- Developers: Three-Sixty Pacific; Applied Computing Services;
- Publishers: Three-Sixty Pacific, PSS
- Designer: Larry Bond
- Series: Harpoon series
- Platforms: Amiga, MS-DOS, Macintosh
- Release: 1989
- Genre: Real-time wargame
- Mode: Single-player

= Harpoon (video game) =

1989 computer wargame

Harpoon is a computer wargame published by Three-Sixty Pacific in 1989 for MS-DOS. This was the first game in the Harpoon series. It was ported to the Amiga and Macintosh.

==Plot==
Harpoon is a game in which the player is the commander of either NATO or Soviet forces, making judgment calls and sending orders to ships and aircraft, armed with weapon systems selected from more than 100 available options. The game mainly focuses on combat in the GIUK Gap.

==Gameplay==
Harpoon is a naval simulator that uses data regarding real military equipment and weaponry, based on a miniatures wargame.
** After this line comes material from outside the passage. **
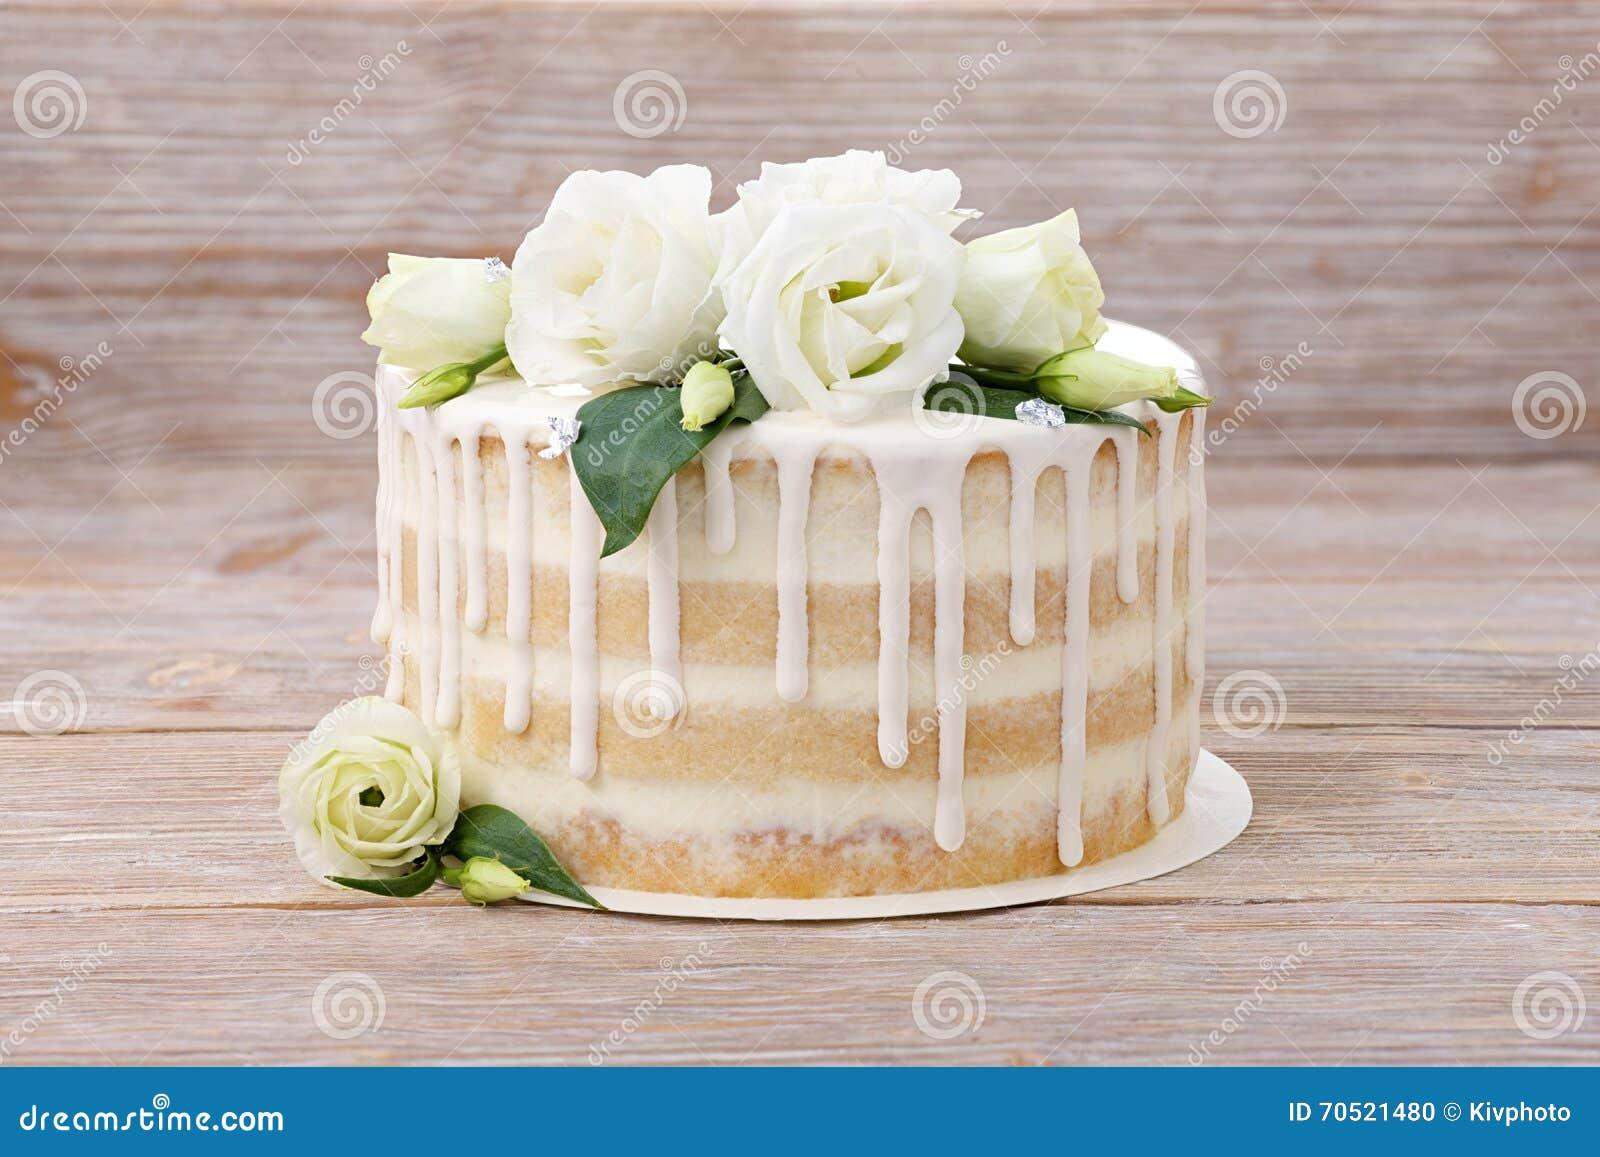 Hochzeitstorte Mit Schonen Blumen Und Einem Eadible Silber Stockfoto

The game does not use preset battle algorithms to control the outcome of combat, and does not control play balance between sides. The game comes with a user's guide with an appendix of information on the politics between superpowers and modern maritime warfare strategies, a Harpoon Tactical Guide by Larry Bond, and a booklet by author Tom Clancy about Russian destroyers. Clancy used the simulation to test the naval battles for Red Storm Rising, which he co-authored with Bond.

==Development history==
In the late 1970s, a manual wargame called SEATAG was introduced by the United States Navy for exploring tactical options. It was available in both classified and unclassified versions. SEATAG was developed into a true tactical training game called NAVTAG that ran on three networked microcomputers for the Red Side, Blue Side, and Game Control.

Former naval officer and future author Larry Bond's exposure to this system in 1980 while on active duty led to the eventual development of Harpoon.

The original game was expanded with additional releases including Harpoon BattleSet 2: North Atlantic Convoys (1989), Harpoon Battleset 3: The MED Conflict (1991), Harpoon BattleSet 4: Indian Ocean / Persian Gulf (1991), and Harpoon Designers' Series: BattleSet Enhancer (1992).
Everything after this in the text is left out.